In becoming man, God chose to involve a human being, Mary. God didn’t have to do so. But He chose to “include” Mary and human reproductive biology Mary was a real mother, not just a biological “conduit,” so to speak. We “receive” Christ, the incarnate God-Man with a human nature, through Mary. He received His human body from her. Hence we honor Mary above all other creatures as the Theotokos – the “God-bearer”.
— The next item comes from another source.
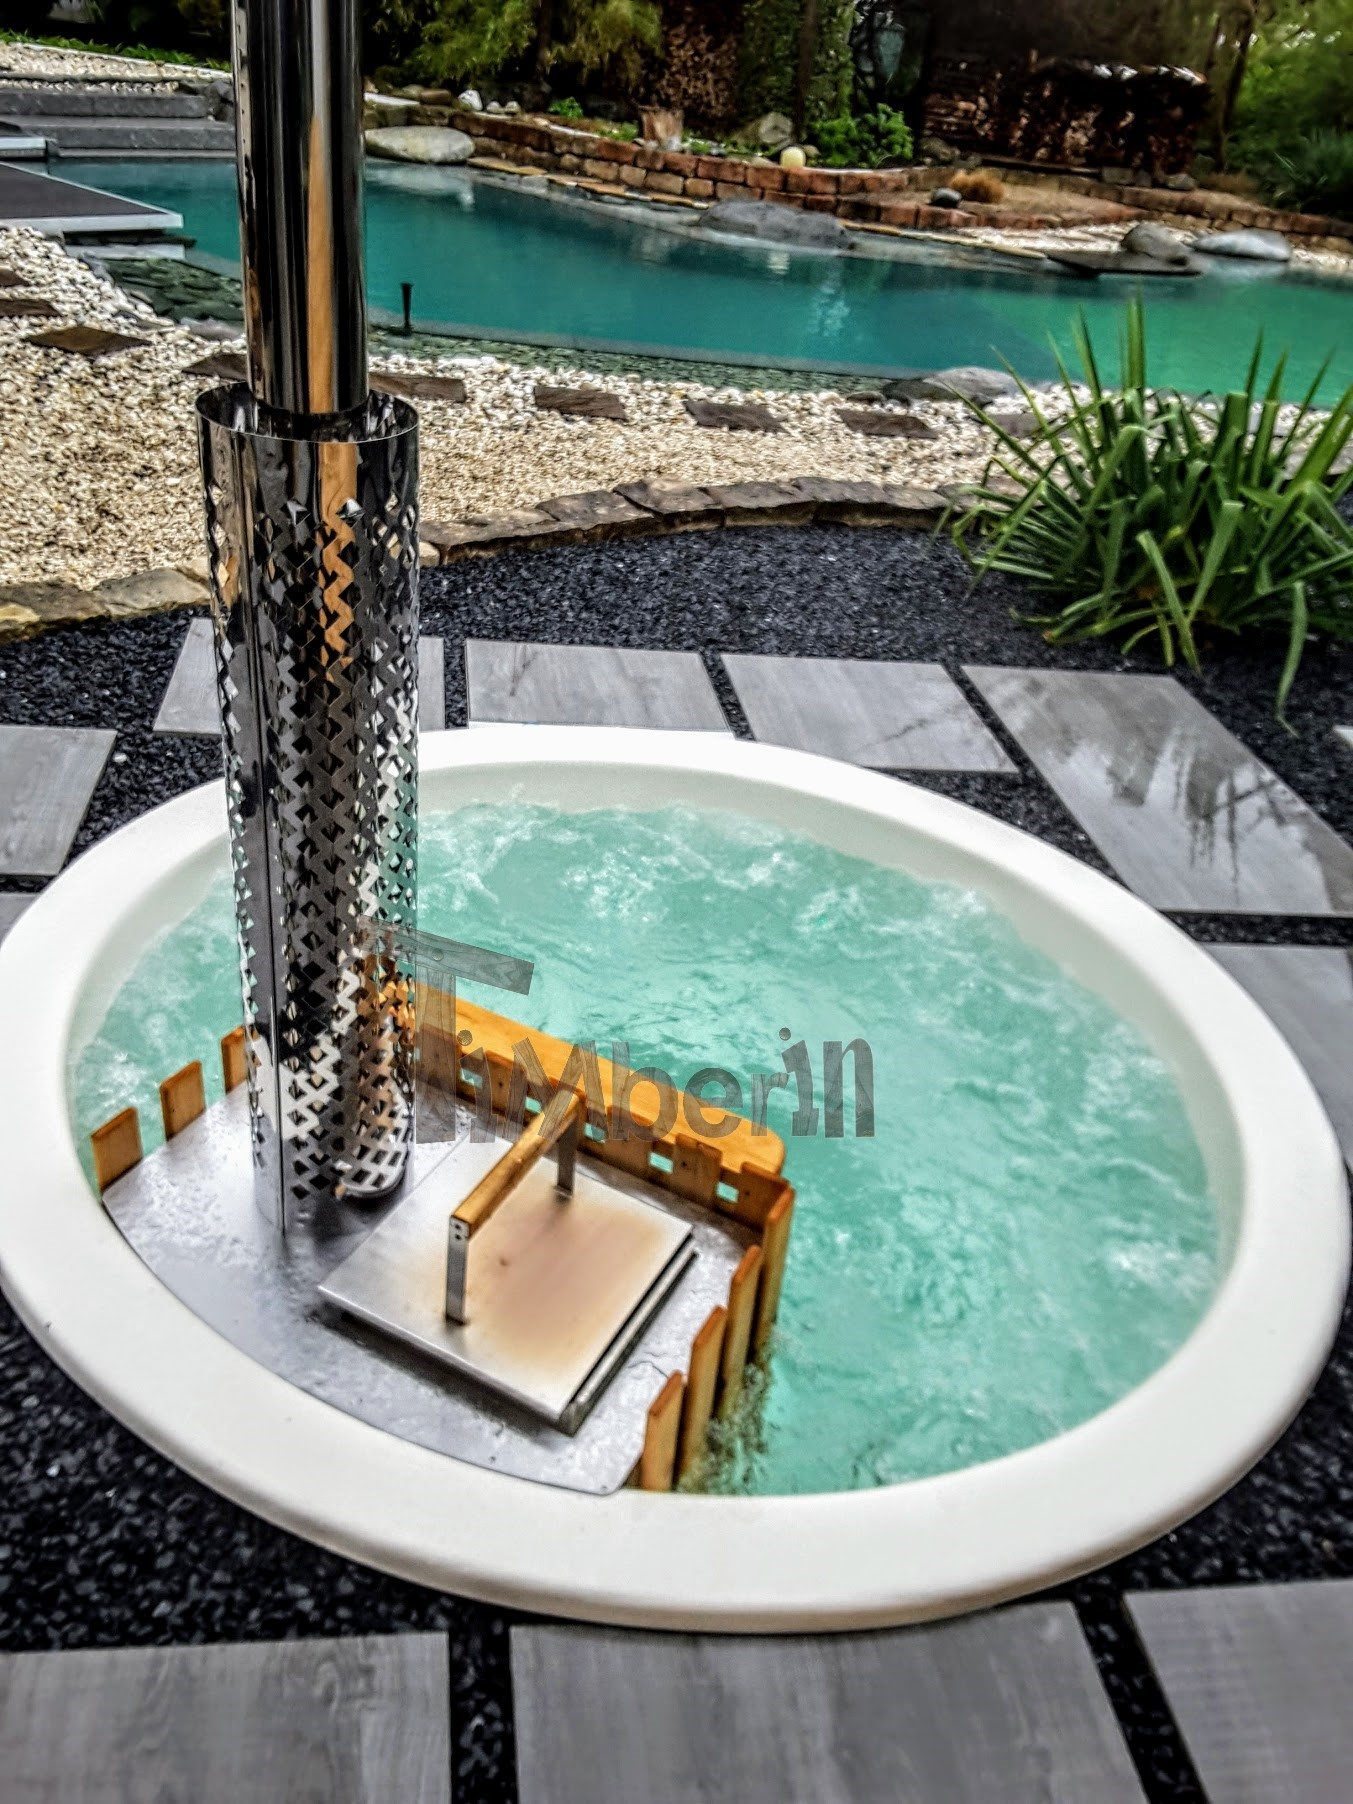 Sunken Built In Patio Hot Tub Jacuzzi Terrace Model (4)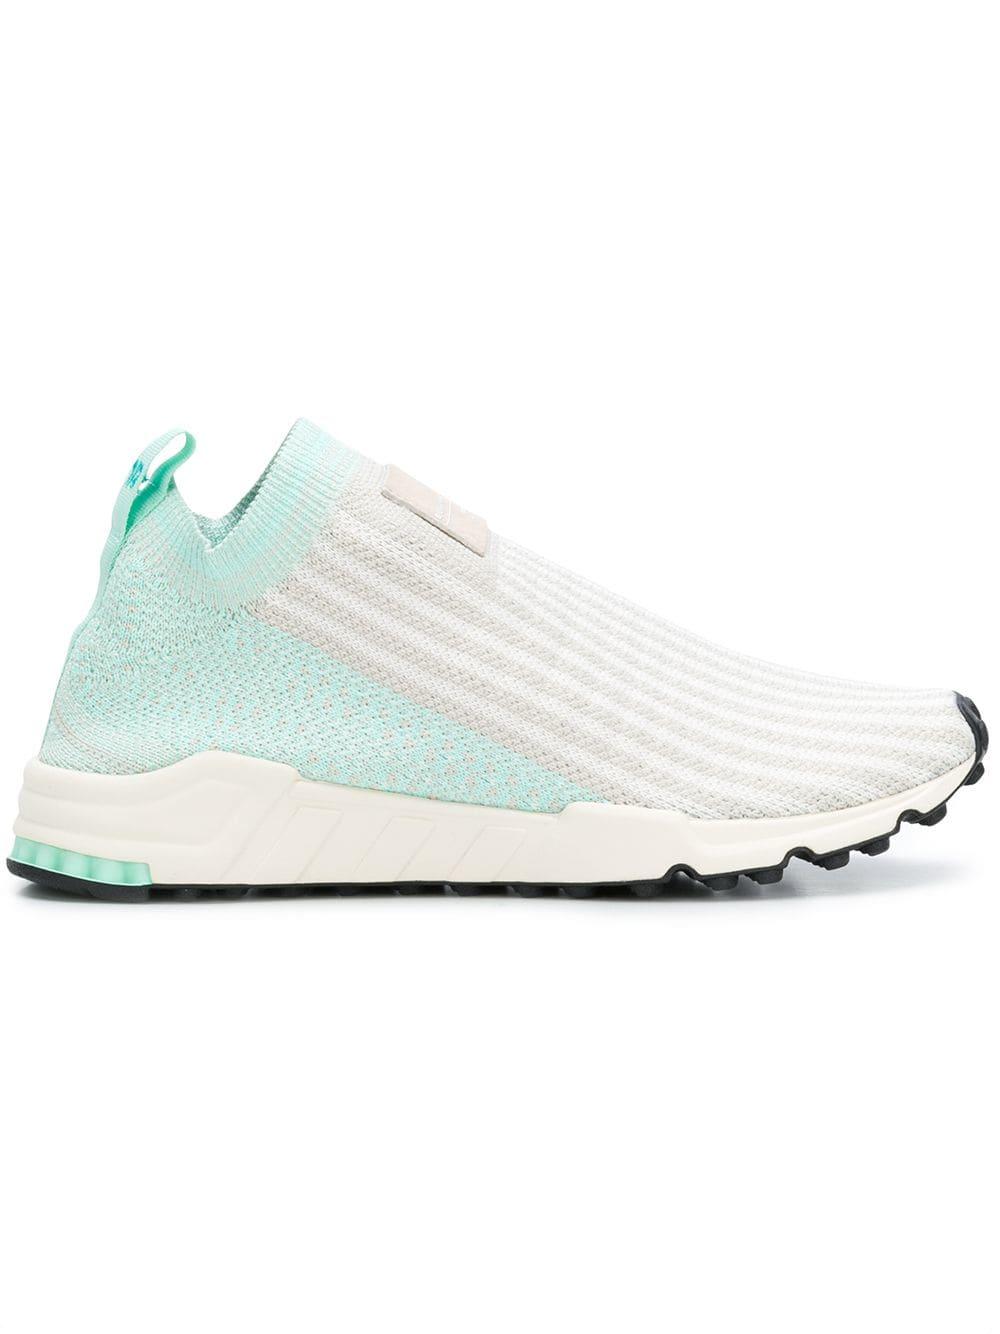 Adidas EQT Support Sock Primeknit Sneakers | Support socks

The Church fathers widely taught that Mary was the “Second Eve.” Eve said “no” to God and so caused (along with Adam, and indeed, all of us “in” them: 1 Cor 15:22) the fall of man. Mary, on the other hand, said “yes” to God at the Annunciation and so helped bring about (in an essentially lesser, and non-necessary, non-sufficient way) the redemption of humanity, that was brought about by the work of Christ on the cross. This is one of two major ways that Catholics understand the mediating work of Mary.

The Bible refers several times to what might be called “human distribution of divine grace” (which is the key premise behind the second meaning of Mary Mediatrix): 

2 Corinthians 4:15 (RSV) For it [his many sufferings: 4:8-12, 17] is all for your sake, so that as grace extends to more and more people it may increase thanksgiving, to the glory of God.

Ephesians 3:2 assuming that you have heard of the stewardship of God’s grace that was given to me for you . . .

Ephesians 4:29 Let no evil talk come out of your mouths, but only such as is good for edifying, as fits the occasion, that it may impart grace to those who hear.

1 Peter 4:10 As each has received a gift, employ it for one another, as good stewards of God’s varied grace.

In fact, Paul is so gung-ho on the notion of his distributing grace to folks, that he mentions this at the beginning of practically every epistle that he wrote. When Paul and others use the common greeting of “grace to you” (e.g., Rom 1:7; 1 Cor 1:3; 2 Cor 1:2; Gal 1:3; Eph 1:2; Phil 1:2; Col 1:2; 1 Thess 1:1; 2 Thess 1:2; Phlm 1:3; Rev 1:4) it is in the sense of “may God give you more grace”; just as St. Peter writes, “May grace and peace be multiplied to you” (1 Pet 1:2; identical wording in 2 Pet 1:2).

Why wish, after all, that someone should have or receive what they already clearly possess? If “grace” only means “the free favor by which we are saved” (the Protestant view, by and large) then the Christians to whom Paul is writing his epistles already have this grace (since Protestants believe in a past salvation that is already accomplished). So why would Paul say “grace to you”? It seems fairly clear, I think, that St. Paul is stating that he hopes and prays that his readers will receive more grace from God, as in the sense of 2 Peter 3:18 (“grow in the grace”); Ephesians 4:7 (“grace was given to each of us according to the measure of Christ’s gift”); James 4:6 (“he gives more grace”); 2 Peter 1:2, etc. Angels spread grace, too: “Grace to you and peace from him who is and who was and who is to come, and from the seven spirits who are before his throne” (Rev 1:4).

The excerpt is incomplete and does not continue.